There, she made the remarkable decision to pose as the wife of fellow revolutionary Sashadhar Acharya so that they could rent a house together. In colonial Bengal, landlords were often suspicious of unmarried men renting rooms, fearing they might be revolutionaries. Presenting themselves as a couple played to the gendered expectations of colonial surveillance and allowed them to provide refuge for underground activists.
To maintain the deception, Suhasini adopted the outward markers of a married woman, wearing conch bangles (sankha-pola) on her arms and vermilion in her hair parting. Her performance was so convincing that even the revolutionaries staying in the house believed the marriage to be genuine.

This act involved significant social risk. In the early twentieth century, Bengali women were expected to follow a strict path from primary education to marriage and domestic life. Co-habiting with a man outside marriage could lead to severe stigma and make future marriage nearly impossible. Suhasini accepted these consequences. She never married. Eventually arrested by colonial authorities, she endured brutal custodial torture but refused to reveal the identities or whereabouts of her comrades.
Revolutionary movements played an important but often overlooked role in India’s anti-colonial struggle. Unlike earlier phases of militant nationalism in Bengal, activists like Pritilata Waddedar, Kalpana Datta and Suhasini Ganguly took part in a coordinated insurgency that combined organisational capacity with symbolic defiance through the declaration of a provisional government.
These campaigns challenged the myth of the colonial state’s invincibility and contributed to an unstable atmosphere that prompted new administrative responses. The most prominent of these was the Government of India Act of 1935, which expanded limited self-governance for Indians. Militant movements also shaped the wider struggle by radicalising political thought. Their legacy is visible in later developments such as the Indian National Army under Subhas Chandra Bose and the Royal Indian Navy mutiny of 1946, which drew on similar traditions of militant resistance. Together, they suggest that revolutionary movements did not operate in isolation, but helped make imperial rule increasingly untenable.
The Indian government has recently begun to acknowledge the participation of women in the independence struggle. Early attempts, however, have been lacking. In 2022, the government’s official social media account mistakenly shared a photograph of Pritilata Waddedar in place of another freedom fighter, Kanaklata Barua. Such moments reveal how the institutional memory of a post-colonial nation continues to conflate, misrecognise, or overlook the contributions of female revolutionaries.
The Agnijug Archive seeks to address this by reconstructing history from below.
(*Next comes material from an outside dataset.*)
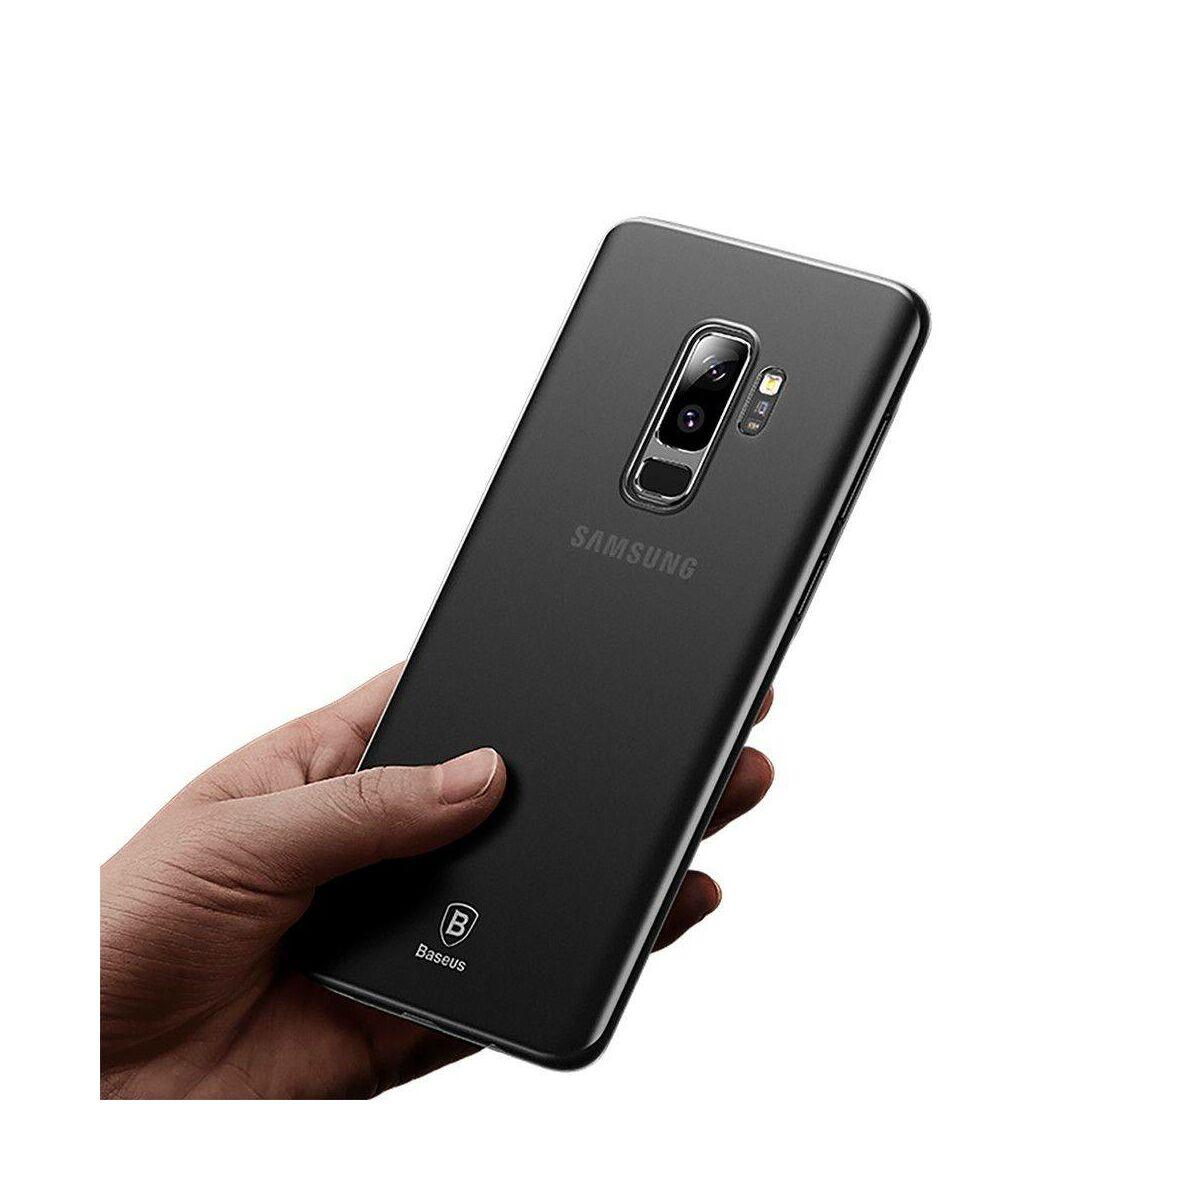 Baseus Samsung S9 Plus tok, Wing, átlátszó, fekete (WISAS9P-01)

Radical acts did not occur only in moments of armed rebellion but in the everyday decisions that brought women into the orbit of political struggle. These women revolutionaries repurposed the gendered structures that constrained them. By posing as female dependents – figures supposedly above suspicion – they facilitated clandestine revolutionary activities, turning Victorian ideals of domestic femininity into a camouflage for revolutionary action.
Recovering these stories challenges us to rethink not only the history of India’s independence but that of the feminist movement in the subcontinent. Women like Pritilata Waddedar, Kalpana Datta, and Suhasini Ganguly were not only participants in anti-colonial resistance but also agents of social transformation. In defying both imperial authority and entrenched gender norms of their times, they were revolutionary in more ways than one.